What’s the outlook for acute coronary syndrome?

The outlook for acute coronary syndrome depends on the specific condition and its severity, including the extent of heart muscle damage. Timely diagnosis and treatment, along with lifestyle changes, can help give you the best chance for a healthy life.

Follow your healthcare provider's instructions and maintain heart-healthy habits. Keep all appointments and complete tests that your provider orders. Discuss your ongoing care, so you understand what you can do to reduce risks and avoid complications.

If you've had a heart attack, your provider can recommend a cardiac rehabilitation program to regain strength, reduce health risks and improve your quality of life.

Living With

When should I seek care for ACS?

Seek immediate emergency care for symptoms of acute coronary syndrome. Go to the nearest emergency room or call 911 if you have sudden symptoms of ACS or think you’re having a heart attack.

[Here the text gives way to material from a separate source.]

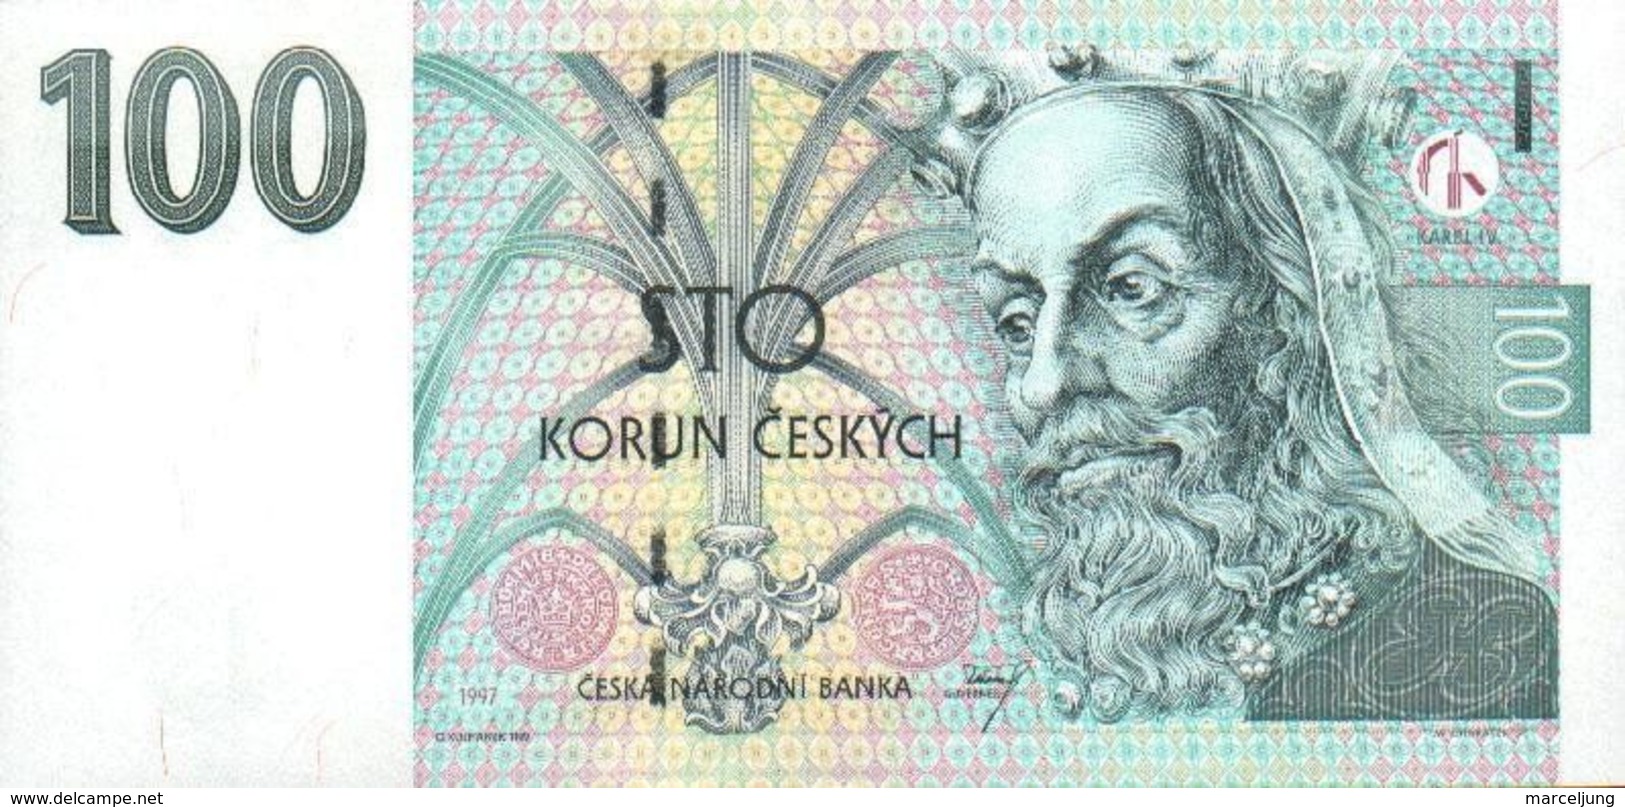 100 Korun Czech Republic UNC 1997 - Repubblica Ceca

What information will I need to provide?

Your medical team will ask you to describe your symptoms, including when they occurred and how severe they are.

The more details you can provide, the better. Consider:

  • When did I first feel symptoms?
  • What was I doing at the time?
  • What are the symptoms?
  • How long did they last?
  • Do I have any pain, and where is it?
  • How much pain am I experiencing on a scale of 1 to 10?
  • Do I have any medical conditions?
  • What medications am I currently taking?

A note from Cleveland Clinic

Acute coronary syndrome is a common heart condition that requires immediate care. You may feel like you are having a heart attack. Don't hesitate to call 911 or go to the nearest emergency room right away. Prompt diagnosis and treatment can put your heart back to work, so you can feel better.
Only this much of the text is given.